:: DATA TO USE ::
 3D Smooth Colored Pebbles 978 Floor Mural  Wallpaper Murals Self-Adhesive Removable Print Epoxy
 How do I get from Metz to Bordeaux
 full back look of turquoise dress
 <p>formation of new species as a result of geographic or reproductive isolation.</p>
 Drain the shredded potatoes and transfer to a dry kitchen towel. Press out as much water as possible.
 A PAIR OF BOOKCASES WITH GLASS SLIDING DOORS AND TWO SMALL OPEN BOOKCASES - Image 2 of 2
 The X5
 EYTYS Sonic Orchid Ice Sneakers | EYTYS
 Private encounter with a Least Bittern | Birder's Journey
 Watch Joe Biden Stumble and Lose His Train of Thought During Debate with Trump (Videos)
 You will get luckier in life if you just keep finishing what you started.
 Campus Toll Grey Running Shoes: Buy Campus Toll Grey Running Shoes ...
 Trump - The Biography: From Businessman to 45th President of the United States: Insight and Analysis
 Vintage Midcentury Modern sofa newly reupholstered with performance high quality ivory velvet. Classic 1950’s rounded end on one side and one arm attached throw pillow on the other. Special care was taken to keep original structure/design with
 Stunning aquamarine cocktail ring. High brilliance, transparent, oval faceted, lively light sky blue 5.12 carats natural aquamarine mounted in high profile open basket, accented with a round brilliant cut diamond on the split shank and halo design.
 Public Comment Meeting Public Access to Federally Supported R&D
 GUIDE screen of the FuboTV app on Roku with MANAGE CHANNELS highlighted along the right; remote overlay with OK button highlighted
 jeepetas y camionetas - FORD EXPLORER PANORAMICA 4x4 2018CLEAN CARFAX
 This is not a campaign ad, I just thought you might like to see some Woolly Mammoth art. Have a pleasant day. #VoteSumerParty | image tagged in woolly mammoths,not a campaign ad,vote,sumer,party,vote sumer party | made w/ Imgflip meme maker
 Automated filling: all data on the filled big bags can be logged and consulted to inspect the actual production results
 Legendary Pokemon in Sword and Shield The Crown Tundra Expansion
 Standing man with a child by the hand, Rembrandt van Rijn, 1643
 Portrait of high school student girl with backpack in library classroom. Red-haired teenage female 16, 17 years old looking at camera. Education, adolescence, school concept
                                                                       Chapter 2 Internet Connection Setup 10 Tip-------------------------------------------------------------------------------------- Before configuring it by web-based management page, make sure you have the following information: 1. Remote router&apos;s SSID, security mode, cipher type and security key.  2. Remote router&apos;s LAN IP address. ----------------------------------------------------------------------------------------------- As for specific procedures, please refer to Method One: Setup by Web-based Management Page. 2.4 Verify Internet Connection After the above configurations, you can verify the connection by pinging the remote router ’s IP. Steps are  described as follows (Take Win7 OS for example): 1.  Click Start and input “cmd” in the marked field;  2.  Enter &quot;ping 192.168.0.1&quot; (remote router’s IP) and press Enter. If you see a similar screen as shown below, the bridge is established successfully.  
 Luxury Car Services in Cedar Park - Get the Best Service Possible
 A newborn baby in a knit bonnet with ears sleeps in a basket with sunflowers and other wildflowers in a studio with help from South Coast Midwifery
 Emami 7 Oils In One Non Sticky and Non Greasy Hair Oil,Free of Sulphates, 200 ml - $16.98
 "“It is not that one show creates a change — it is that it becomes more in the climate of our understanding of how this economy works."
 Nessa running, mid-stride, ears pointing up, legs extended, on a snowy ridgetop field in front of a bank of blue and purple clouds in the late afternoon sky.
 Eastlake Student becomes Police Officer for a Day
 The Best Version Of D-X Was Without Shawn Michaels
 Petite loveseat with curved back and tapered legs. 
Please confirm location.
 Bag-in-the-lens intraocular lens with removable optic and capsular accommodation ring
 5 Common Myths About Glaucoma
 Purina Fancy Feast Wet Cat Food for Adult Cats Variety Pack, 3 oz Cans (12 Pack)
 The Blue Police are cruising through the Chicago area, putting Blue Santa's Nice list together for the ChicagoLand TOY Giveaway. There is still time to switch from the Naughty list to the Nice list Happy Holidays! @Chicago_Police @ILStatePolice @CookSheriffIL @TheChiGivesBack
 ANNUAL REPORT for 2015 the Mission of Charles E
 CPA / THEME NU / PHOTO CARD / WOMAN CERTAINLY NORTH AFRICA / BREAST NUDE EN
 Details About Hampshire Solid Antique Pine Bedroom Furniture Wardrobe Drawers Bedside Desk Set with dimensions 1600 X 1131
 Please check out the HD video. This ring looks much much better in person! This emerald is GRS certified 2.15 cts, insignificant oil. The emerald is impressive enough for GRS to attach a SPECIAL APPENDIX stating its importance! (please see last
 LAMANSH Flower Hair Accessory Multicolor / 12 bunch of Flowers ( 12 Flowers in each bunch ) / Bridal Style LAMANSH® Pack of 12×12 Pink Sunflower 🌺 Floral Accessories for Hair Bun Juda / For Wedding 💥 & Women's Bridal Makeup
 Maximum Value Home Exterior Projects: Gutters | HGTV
:::
- _AIM OF THE TASK_: Each line of the material should be duplicated exactly, please.

- _RESPONSE BOX_:
 3D Smooth Colored Pebbles 978 Floor Mural  Wallpaper Murals Self-Adhesive Removable Print Epoxy
 How do I get from Metz to Bordeaux
 full back look of turquoise dress
 <p>formation of new species as a result of geographic or reproductive isolation.</p>
 Drain the shredded potatoes and transfer to a dry kitchen towel. Press out as much water as possible.
 A PAIR OF BOOKCASES WITH GLASS SLIDING DOORS AND TWO SMALL OPEN BOOKCASES - Image 2 of 2
 The X5
 EYTYS Sonic Orchid Ice Sneakers | EYTYS
 Private encounter with a Least Bittern | Birder's Journey
 Watch Joe Biden Stumble and Lose His Train of Thought During Debate with Trump (Videos)
 You will get luckier in life if you just keep finishing what you started.
 Campus Toll Grey Running Shoes: Buy Campus Toll Grey Running Shoes ...
 Trump - The Biography: From Businessman to 45th President of the United States: Insight and Analysis
 Vintage Midcentury Modern sofa newly reupholstered with performance high quality ivory velvet. Classic 1950’s rounded end on one side and one arm attached throw pillow on the other. Special care was taken to keep original structure/design with
 Stunning aquamarine cocktail ring. High brilliance, transparent, oval faceted, lively light sky blue 5.12 carats natural aquamarine mounted in high profile open basket, accented with a round brilliant cut diamond on the split shank and halo design.
 Public Comment Meeting Public Access to Federally Supported R&D
 GUIDE screen of the FuboTV app on Roku with MANAGE CHANNELS highlighted along the right; remote overlay with OK button highlighted
 jeepetas y camionetas - FORD EXPLORER PANORAMICA 4x4 2018CLEAN CARFAX
 This is not a campaign ad, I just thought you might like to see some Woolly Mammoth art. Have a pleasant day. #VoteSumerParty | image tagged in woolly mammoths,not a campaign ad,vote,sumer,party,vote sumer party | made w/ Imgflip meme maker
 Automated filling: all data on the filled big bags can be logged and consulted to inspect the actual production results
 Legendary Pokemon in Sword and Shield The Crown Tundra Expansion
 Standing man with a child by the hand, Rembrandt van Rijn, 1643
 Portrait of high school student girl with backpack in library classroom. Red-haired teenage female 16, 17 years old looking at camera. Education, adolescence, school concept
                                                                       Chapter 2 Internet Connection Setup 10 Tip-------------------------------------------------------------------------------------- Before configuring it by web-based management page, make sure you have the following information: 1. Remote router&apos;s SSID, security mode, cipher type and security key.  2. Remote router&apos;s LAN IP address. ----------------------------------------------------------------------------------------------- As for specific procedures, please refer to Method One: Setup by Web-based Management Page. 2.4 Verify Internet Connection After the above configurations, you can verify the connection by pinging the remote router ’s IP. Steps are  described as follows (Take Win7 OS for example): 1.  Click Start and input “cmd” in the marked field;  2.  Enter &quot;ping 192.168.0.1&quot; (remote router’s IP) and press Enter. If you see a similar screen as shown below, the bridge is established successfully.  
 Luxury Car Services in Cedar Park - Get the Best Service Possible
 A newborn baby in a knit bonnet with ears sleeps in a basket with sunflowers and other wildflowers in a studio with help from South Coast Midwifery
 Emami 7 Oils In One Non Sticky and Non Greasy Hair Oil,Free of Sulphates, 200 ml - $16.98
 "“It is not that one show creates a change — it is that it becomes more in the climate of our understanding of how this economy works."
 Nessa running, mid-stride, ears pointing up, legs extended, on a snowy ridgetop field in front of a bank of blue and purple clouds in the late afternoon sky.
 Eastlake Student becomes Police Officer for a Day
 The Best Version Of D-X Was Without Shawn Michaels
 Petite loveseat with curved back and tapered legs. 
Please confirm location.
 Bag-in-the-lens intraocular lens with removable optic and capsular accommodation ring
 5 Common Myths About Glaucoma
 Purina Fancy Feast Wet Cat Food for Adult Cats Variety Pack, 3 oz Cans (12 Pack)
 The Blue Police are cruising through the Chicago area, putting Blue Santa's Nice list together for the ChicagoLand TOY Giveaway. There is still time to switch from the Naughty list to the Nice list Happy Holidays! @Chicago_Police @ILStatePolice @CookSheriffIL @TheChiGivesBack
 ANNUAL REPORT for 2015 the Mission of Charles E
 CPA / THEME NU / PHOTO CARD / WOMAN CERTAINLY NORTH AFRICA / BREAST NUDE EN
 Details About Hampshire Solid Antique Pine Bedroom Furniture Wardrobe Drawers Bedside Desk Set with dimensions 1600 X 1131
 Please check out the HD video. This ring looks much much better in person! This emerald is GRS certified 2.15 cts, insignificant oil. The emerald is impressive enough for GRS to attach a SPECIAL APPENDIX stating its importance! (please see last
 LAMANSH Flower Hair Accessory Multicolor / 12 bunch of Flowers ( 12 Flowers in each bunch ) / Bridal Style LAMANSH® Pack of 12×12 Pink Sunflower 🌺 Floral Accessories for Hair Bun Juda / For Wedding 💥 & Women's Bridal Makeup
 Maximum Value Home Exterior Projects: Gutters | HGTV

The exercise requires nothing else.